On… Change

There is a strange ache of discomfort that comes with change. Even when we ask for it. Even when we know we need it. Something in us still grieves what was familiar — the old routines, the old identities, the old roads that we have walked so many times we could travel them in darkness. We are creatures of rhythm. We build homes not only from wood, but from patterns. Habits. Predictability. The known. When life asks us to step outside that circle, something deep inside resists.

The Comfort Zone Is a Lie
We call it a “comfort zone,” but comfort is rarely what’s actually living there. More often, it’s familiarity. And familiarity is not the same thing as peace. Change asks us to risk embarrassment. Risk failure. Risk loneliness. Risk becoming someone we have never been before. Risk is frightening. Sometimes the old life may not even be good for us anymore, yet we still cling to it — because at least it is recognizable. A person can remain stuck for years simply because familiarity feels safer than uncertainty. But the spirit does not grow in stagnant water.

Stepping outside that zone isn’t reckless. Taking a healthy risk isn’t the same as being careless. There’s a difference between leaping blindly and leaping intentionally — with eyes open, feet ready, aware that the ground may shift beneath you and willing to find your footing anyway. The risk that is worth taking is the one you’ve looked squarely in the face. The one you’re afraid of and yet still choose.

What the Natural World Knows
In many Native American teachings, life moves in cycles — seasons, moons, migrations, death and rebirth. Nothing in nature remains frozen. Rivers move. Winds shift. Trees shed their leaves without arguing with autumn. The old gives way so that something new can emerge.

Human beings are no different, though we often fight the current harder than anything else in creation. The river doesn’t mourn that it’s no longer the water it was when it was upstream. It simply flows — carrying what it must, while releasing what it cannot hold. The tree that cannot flex in the storm doesn’t survive it. We are made of the same stuff as all of this. We would do well to remember that.
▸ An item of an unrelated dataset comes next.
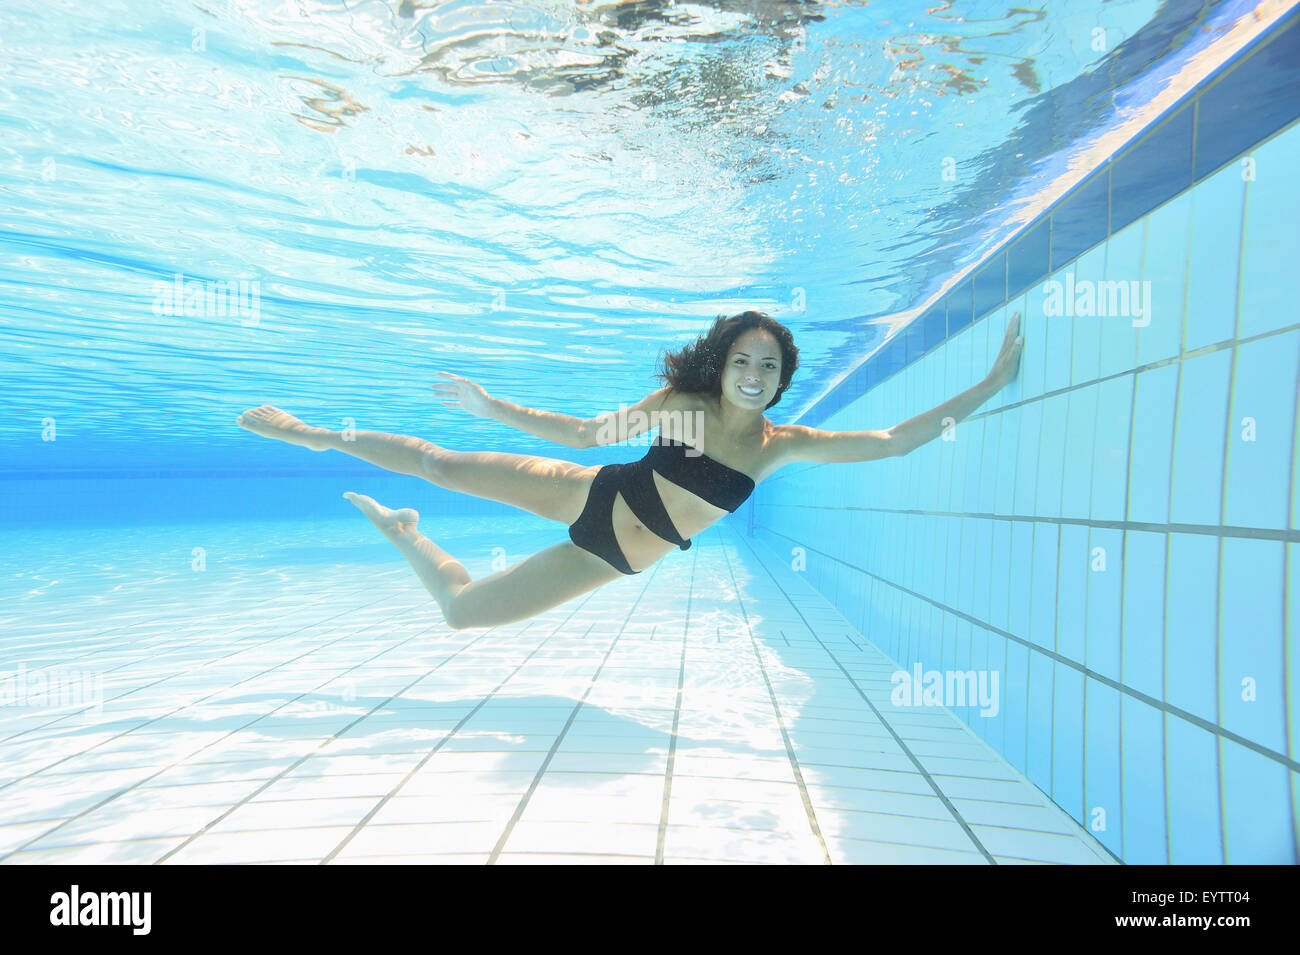 Woman, Young, Monokini, Outdoor Swimming Pool, Underwater, Swim, Look Camera

The Grief Nobody Talks About
There are moments when something inside whispers: Go. Try. Leave. Begin again. And even if we deal the panic, we know we are being called somewhere beyond the edges of our comfort.

Some of the most important moments in life begin with uncertainty — such as: taking a new job, leaving a relationship, moving to a new town, speaking honestly for the first time, walking into recovery, starting over after a loss, choosing peace over chaos. None of these things come without risk.

What people don’t often acknowledge is that even good change carries loss. You leave a job and still miss the people. You end a relationship that wasn’t working and still reach for the phone at 9pm. You start something new and better and still catch yourself glancing back.

Change can also cost us people. Sometimes people only know how to love the version of ourselves that stayed small, predictable, or wounded in familiar ways. When we begin to grow, not everyone grows with us. That hurts too.

However, the grief is not weakness. It’s evidence that what you left behind mattered. Honor it. Sit with it a moment. Then keep moving.

What Waits on the Other Side
Therefore, change breaks the familiar and the monotony. Often staying in the same place, with the familiar, will quietly break a person.
Change can open doors that we did not know existed. A single decision — one brave step — can alter the entire direction of a life. We meet people we were never supposed to meet had we remained standing still. We discover strengths we never would have uncovered. We stumble into healing accidentally. We find purpose in places we never intended to look.

Many times, the life we are searching for exists just beyond the fear we refuse to walk through. Change does not always arrive like lightning. Sometimes it comes quietly, like dawn slowly touching the trees. Small choices. Small corrections. Small acts of courage repeated over time. A person wakes up one day and realizes: I am not who I was. Not because they abandoned themselves — but because they finally listened to the deeper current beneath the noise.
 
The Thing About Initiating
There is a particular kind of courage in being the one who starts the change, rather than the one who merely survives it. Reactive change happens to you. Intentional change happens through you.

The truth is, comfort and peace are not always the same thing. Sometimes comfort is simply familiar suffering. Peace, however, often waits on the other side of necessary change.
There is wisdom in knowing when to stay rooted. But there is also wisdom in recognizing when the season has shifted and the spirit is calling us to move forward or onward. Life was never meant to be a cage built from our own fear.

When you choose to move — to leave, to begin, to risk, to pivot — you are not abandoning your roots. You are trusting them. You are saying: I am grounded enough to bend. I know who I am well enough to become someone more.

Sometimes we honor the Creator not by remaining where we have always been, but by trusting the path unfolding before us — even when we cannot yet see where it leads. Maybe that is what courage truly is: not moving without fear, but moving with it anyway.

Change is rarely comfortable. It is often disorienting, sometimes heartbreaking, and almost always inconvenient. Change is also — in the truest sense — how we stay alive.
Not just breathing. Alive.
Step off the edge. Grieve what you must, yet trust the current.